___ SUPPLIED RECORDS ___
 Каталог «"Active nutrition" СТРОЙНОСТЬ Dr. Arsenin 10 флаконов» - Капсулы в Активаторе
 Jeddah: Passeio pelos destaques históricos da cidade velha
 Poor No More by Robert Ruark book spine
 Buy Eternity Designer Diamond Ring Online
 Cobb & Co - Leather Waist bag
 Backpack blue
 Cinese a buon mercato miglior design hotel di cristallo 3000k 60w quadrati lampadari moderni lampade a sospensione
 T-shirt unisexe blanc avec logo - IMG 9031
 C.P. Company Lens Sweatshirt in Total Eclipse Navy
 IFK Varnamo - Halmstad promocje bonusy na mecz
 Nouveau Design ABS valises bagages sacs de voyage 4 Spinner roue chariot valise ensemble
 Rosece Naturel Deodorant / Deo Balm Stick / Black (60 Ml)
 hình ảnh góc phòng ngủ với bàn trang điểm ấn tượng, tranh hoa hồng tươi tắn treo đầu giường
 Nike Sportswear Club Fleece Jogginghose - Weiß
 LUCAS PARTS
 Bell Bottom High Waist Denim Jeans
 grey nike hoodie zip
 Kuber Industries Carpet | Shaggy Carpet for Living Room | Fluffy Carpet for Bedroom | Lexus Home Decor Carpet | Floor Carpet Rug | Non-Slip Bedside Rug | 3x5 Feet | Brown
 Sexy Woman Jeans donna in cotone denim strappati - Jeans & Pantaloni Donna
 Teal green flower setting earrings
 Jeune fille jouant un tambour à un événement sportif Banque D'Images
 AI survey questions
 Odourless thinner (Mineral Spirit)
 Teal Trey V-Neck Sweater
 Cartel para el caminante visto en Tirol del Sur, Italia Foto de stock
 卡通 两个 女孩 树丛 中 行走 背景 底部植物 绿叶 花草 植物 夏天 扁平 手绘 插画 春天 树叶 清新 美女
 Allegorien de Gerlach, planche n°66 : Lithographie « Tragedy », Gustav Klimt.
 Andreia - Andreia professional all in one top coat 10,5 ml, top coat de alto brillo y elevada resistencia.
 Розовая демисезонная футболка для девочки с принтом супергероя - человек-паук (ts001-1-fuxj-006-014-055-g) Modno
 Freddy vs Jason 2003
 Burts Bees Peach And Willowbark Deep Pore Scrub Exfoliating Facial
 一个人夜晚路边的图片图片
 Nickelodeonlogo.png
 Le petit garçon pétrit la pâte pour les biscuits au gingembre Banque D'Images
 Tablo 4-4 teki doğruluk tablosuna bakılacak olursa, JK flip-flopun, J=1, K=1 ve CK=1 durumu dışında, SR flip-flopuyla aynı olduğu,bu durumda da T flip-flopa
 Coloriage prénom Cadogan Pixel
___
• WHAT YOU ARE ASKED TO DO: Reproduce each line of the entries above from the one containing "Розовая демисезонная футболка" through the last, exactly, and no other line.

• SOLUTION TO THE EXERCISE:
 Розовая демисезонная футболка для девочки с принтом супергероя - человек-паук (ts001-1-fuxj-006-014-055-g) Modno
 Freddy vs Jason 2003
 Burts Bees Peach And Willowbark Deep Pore Scrub Exfoliating Facial
 一个人夜晚路边的图片图片
 Nickelodeonlogo.png
 Le petit garçon pétrit la pâte pour les biscuits au gingembre Banque D'Images
 Tablo 4-4 teki doğruluk tablosuna bakılacak olursa, JK flip-flopun, J=1, K=1 ve CK=1 durumu dışında, SR flip-flopuyla aynı olduğu,bu durumda da T flip-flopa
 Coloriage prénom Cadogan Pixel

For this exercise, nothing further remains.